We just mentioned that in the ZK Rollup system, the account information of all users is managed by a Merkle tree. The root of the Merkle tree is recorded in the smart contract on the chain, and the value of this root also represents the current state of all accounts in the whole system. When a user initiates a transaction, the state will change. But changes must be made in accordance with the following rules.

  • First, you must ensure the legitimacy of the transaction:
  • Is there enough money to pay the transfer amount and handling fee?
  • Is the nonce of the transferred account correct?
  • Is the signature of the transaction correct?
  • Next, the relayer performs the transfer, modifies the outgoing account in the Merkle tree and the leaf node of the transferred account, and recalculates the root of the new Merkle tree.
  • Repeating the second step, the relayer will process multiple transactions at once in a sequential order, and then submit the root of the final calculated Merkle tree as a new state to the smart contract on the chain.

However, there are problems in the above process: if only the root of the state tree is submitted to the contract, how can users believe that the new state root is truthfully calculated according to the above logic? Or what if the relayer does something intentionally harmful, like increasing the handling fee of the transaction?

One way to solve this problem is to ask the relayer to commit the root of the state tree to the contract, and also submit all transactions to the contract, so that anyone can verify whether the relayer has cheated when calculating the new state tree according to these transactions. However, this is equivalent to moving all the data under the chain back to the chain, and does not achieve the purpose of layer 2 scaling.

This problem can be solved by using zero-knowledge proof. The ZK in ZK Rollup is actually the abbreviation of zero-knowledge. After collecting a series of transactions, the relayer needs to generate a PROOF with predefined ZK circuits:

  1. Make sure that the nonce, value, and fees in each transaction T[1], T[2], …, T[n] are correct and the signature is correct.
  2. Ensure that there is no problem with the state migration process, i.e. STF(PRE_STATE, T[1], T[2], …, T[n]) = POST_STATE

Then, the PROOF is submitted to the chain contract together with POST_STATE, t[1], t[2], …, t[n]. Where t[1], t[2], …, t[n] is the simplified information of transaction, excluding nonce and signature. So t[i] is smaller than T[i].

Then the smart contract only needs to verify whether the PROOF is correct.

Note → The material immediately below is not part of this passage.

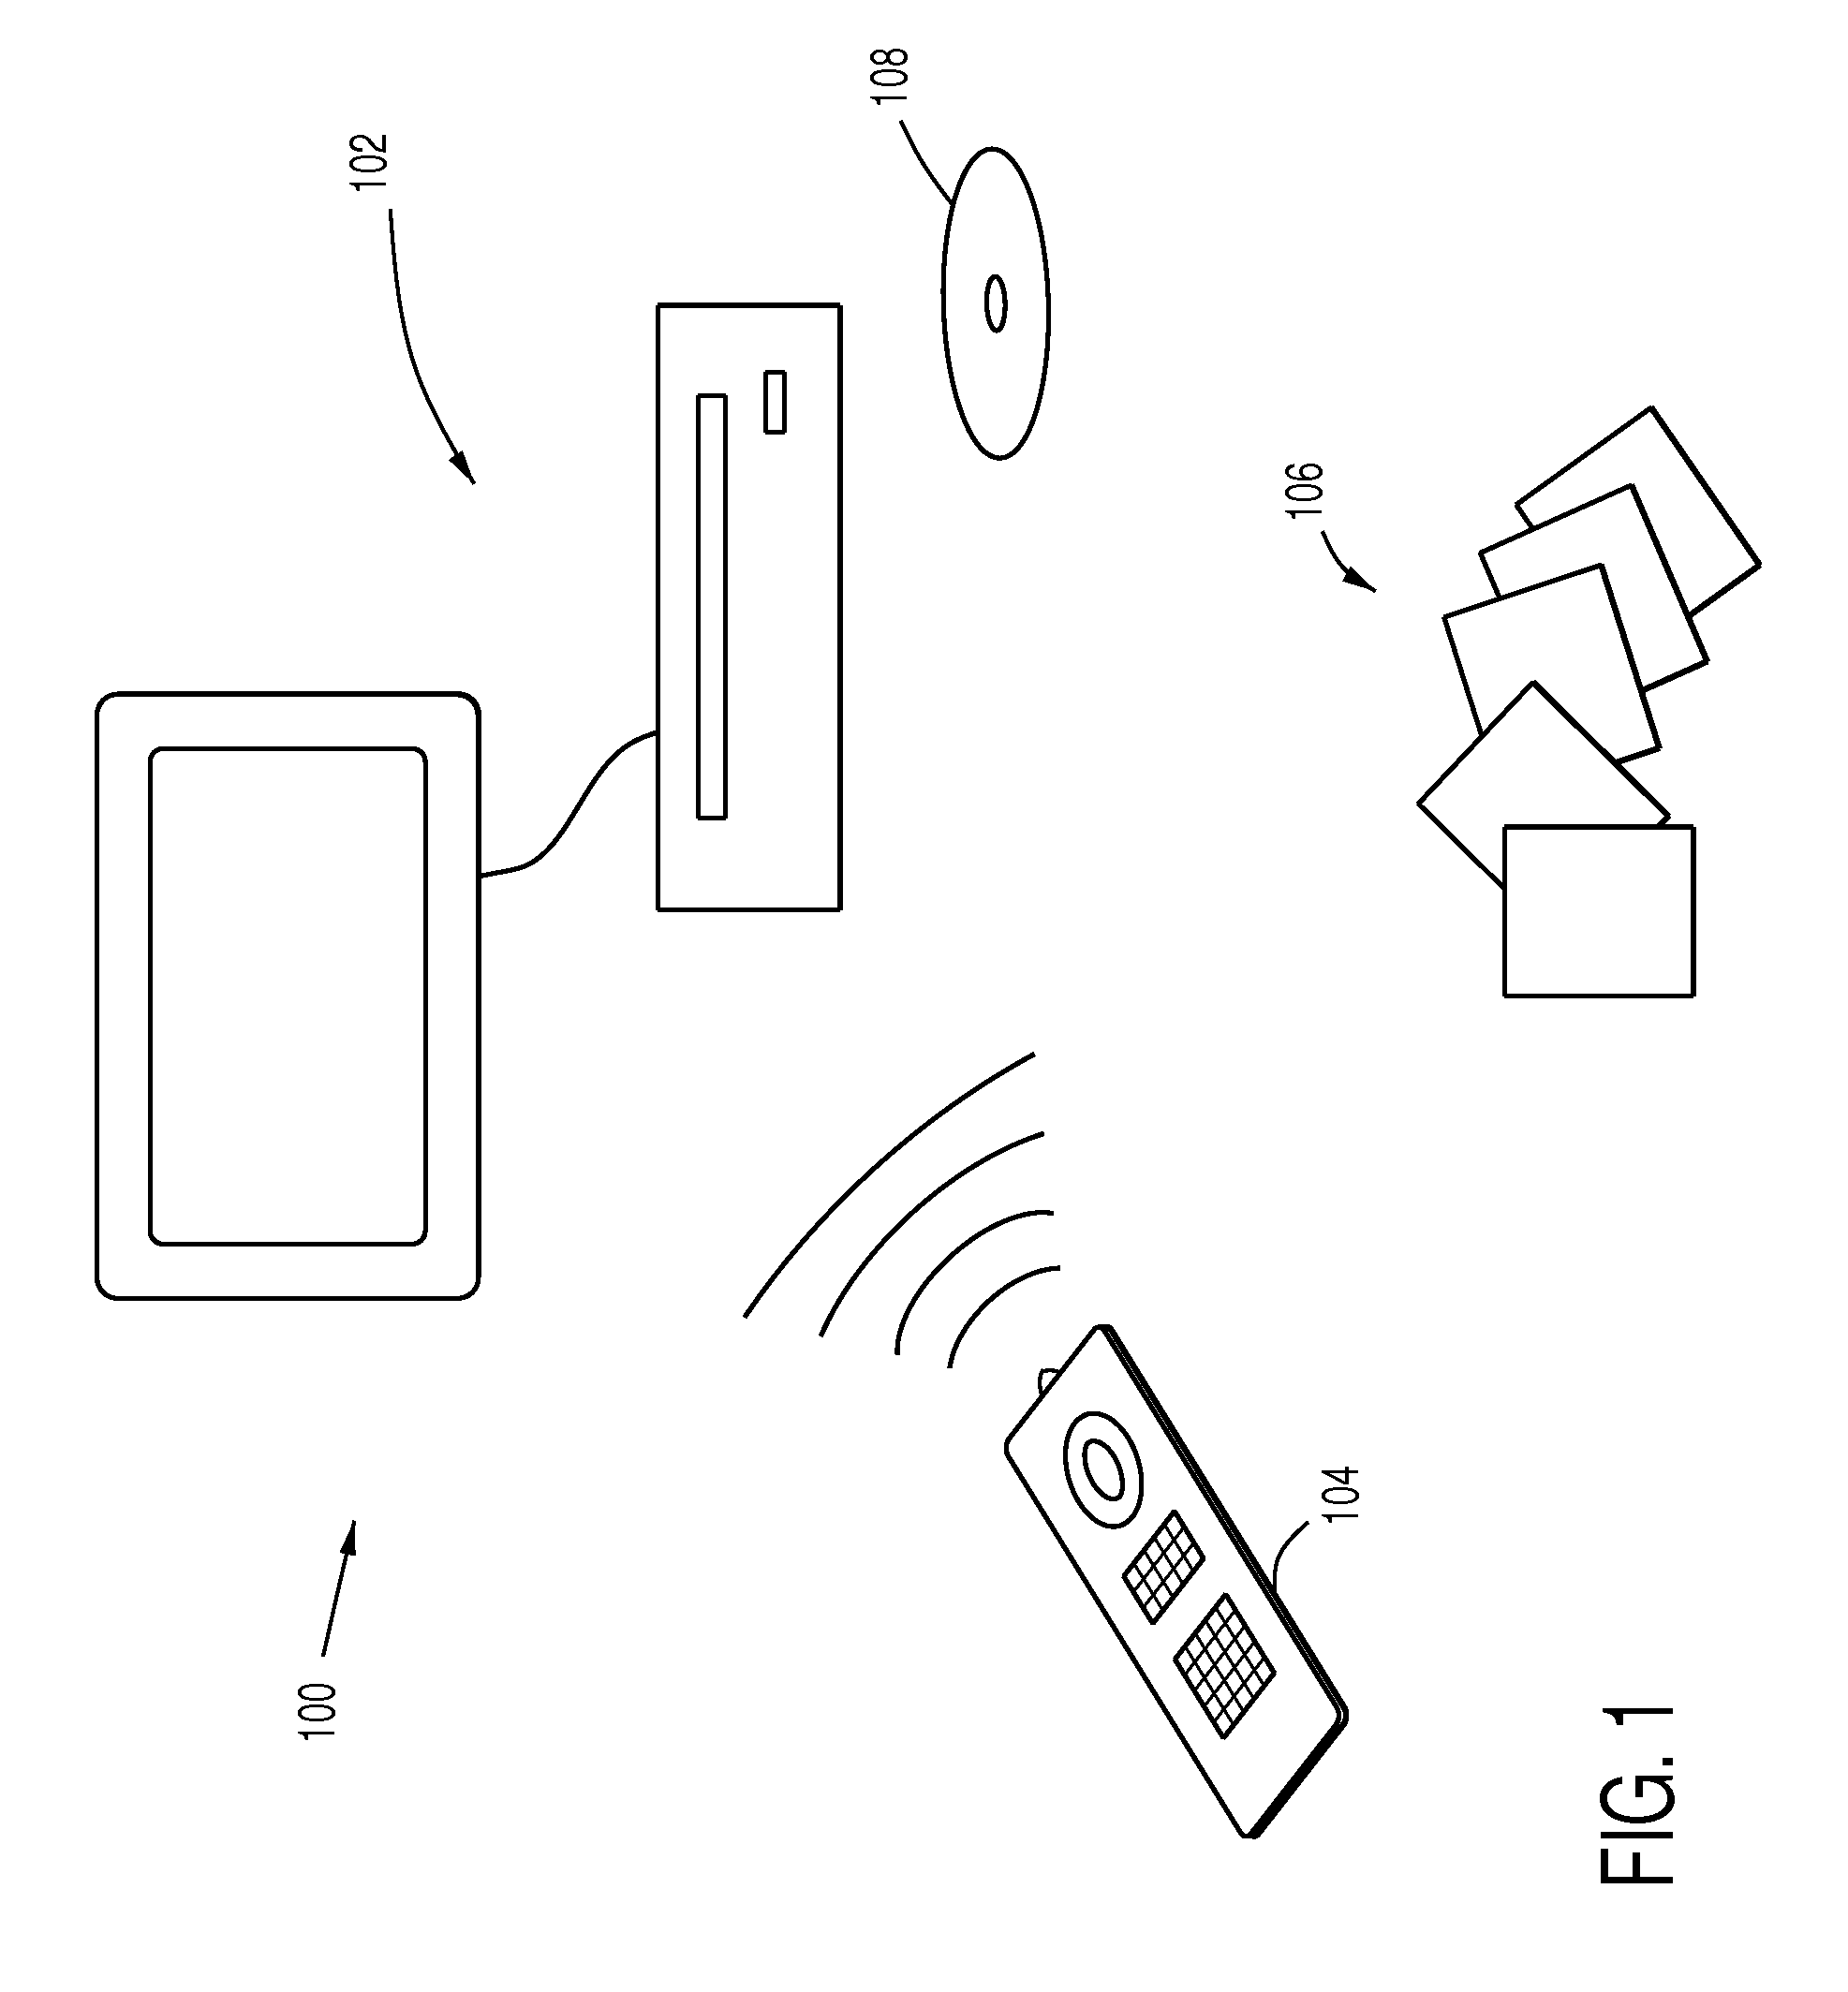 Ethnic awareness education game system and method

If the PROOF is correct and the state saved in the contract is equal to the PRE_STATE, then the new state POST_STATE will be recorded in the contract and the original state will be replaced.

Since the relayer must generate the PROOF of zkSNARK before it can be submitted to the contract, the PROOF will not be validated if the relayer wrongly modifies the user’s transaction.

In addition, because the transaction t[1], t[2], …, t[n] submitted to the chain does not contain the nonce or signature, the data on the chain will become smaller (in the above example, only 11 bytes for each transaction will be on the chain).

At this time, the relayer cannot modify the user’s transaction due to the limitation of the zkSNARK proof. However, a malicious relayer can still refuse to serve a transactor without collecting the transactor’s transaction. In order to prevent this kind of behavior, the contract must support on-chain withdrawal; in other words, any transactor can take its token away from the chain.

Current Application

At present, a typical ZK Rollup application scenario is a decentralized exchange, represented by Loopring DEX Protocol (v3).

In addition, the open-source ZK rollup framework includes:


ZK Rollup is a new type of layer 2 scaling scheme. The core idea of this technology is:

  1. Take the main chain as the storage medium instead of the consensus engine
  2. Compress the transaction and reach a state consensus off-chain;
  3. Prove the security of the state consensus under the chain with zero knowledge proof.

At present, the most typical application scenario with ZK Rollup is a decentralized exchange. PPIO is also actively exploring ZK Rollup technology and are trying to apply it to the field of decentralized bandwidth and storage.